The “economic blackout” is modeled after January protests in Minnesota following the surge of immigration enforcement and shooting deaths of two U.S. citizens.
“Our vision includes an economy that works for everyone with a living wage, strong labor protections and programs that keep families housed, fed, educated and healthy,” said Francisco Moreno, executive director of the Council of Mexican Federations in North America, in a Tuesday press conference.
The organization is one of more than 100 involved in planning a Los Angeles May Day rally with the theme, “solo el pueblo shuts it down: no school, no work, no shopping.”
“Starting there really sends a message that we're here,” said Kristal Romero, press secretary for the Los Angeles County Federation of Labor. “We're standing with this community, and if you take on one of us, you take on all of us.”
May Day’s history in LA
May Day, sometimes called International Workers' Day, started after an 1886 strike tied to the fight for an eight-hour work day. The protest turned violent after police attacked workers. In the 1990s, L.A. organizers started to connect the labor movement with advocacy for immigrant rights.
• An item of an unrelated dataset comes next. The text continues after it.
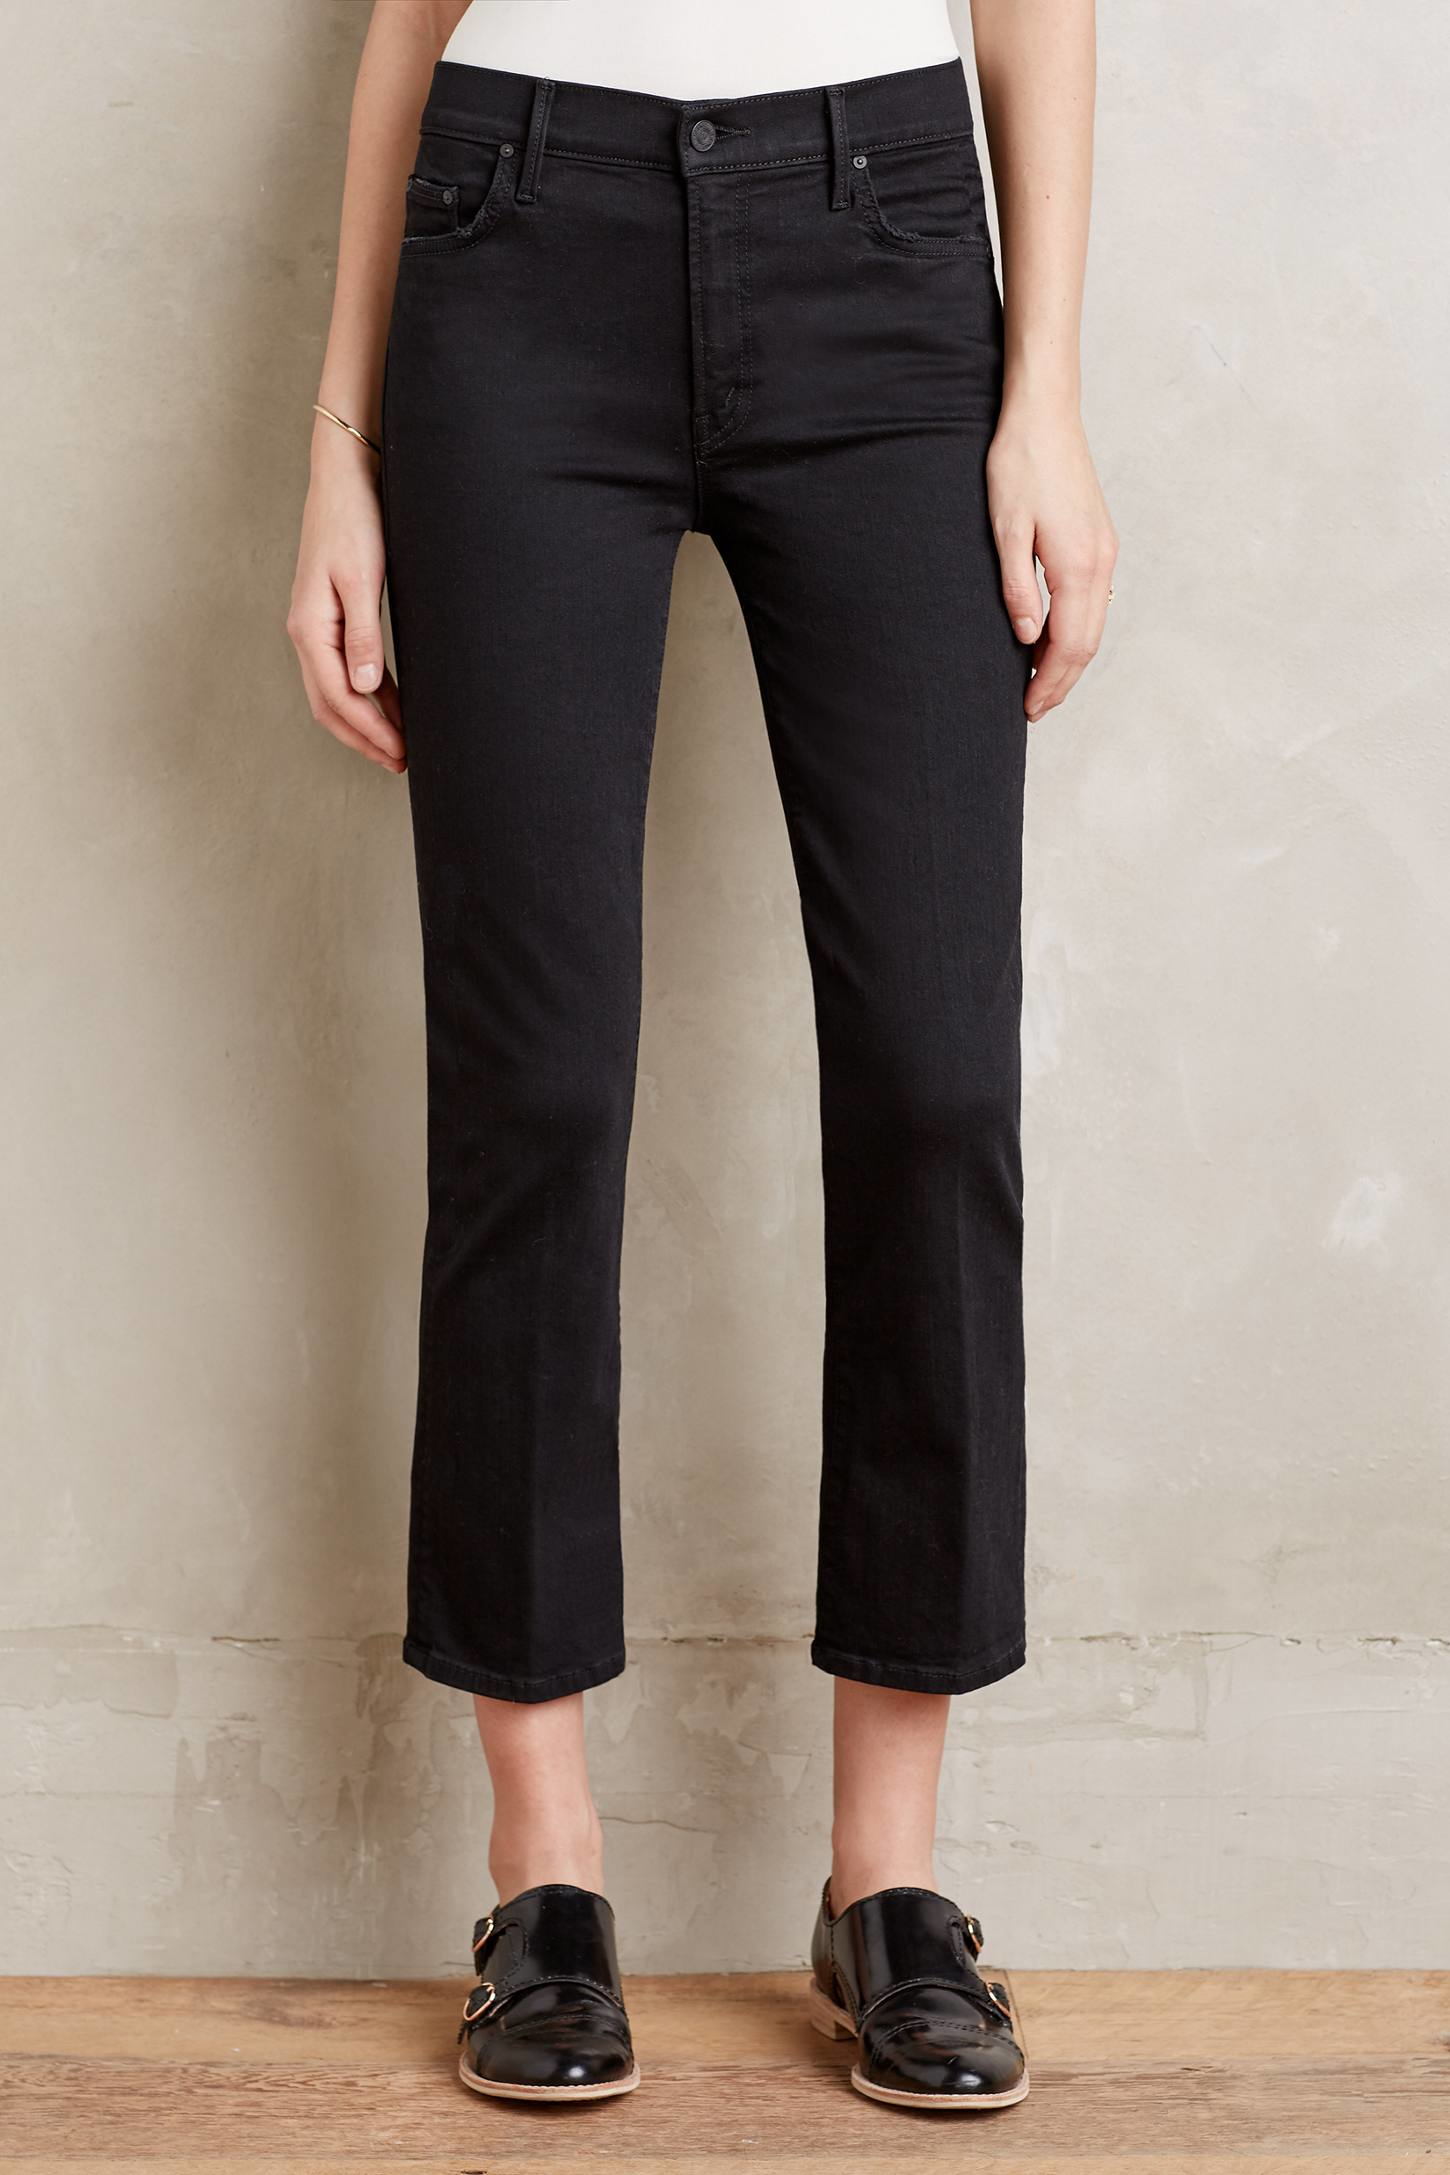 Lyst - Mother Insider Crop Jeans in Blue

Romero said the Federation has offered training on de-escalation, conflict resolution and non-violent protests and that hundreds of people will act as “peacekeepers” during Friday’s rally and march.
“ A lot of times, folks can get caught in echo chambers and it may really feel hopeless,” Romero said. “The big point of these events is to inspire hope to show people we're all here, we're all fighting for the same thing.”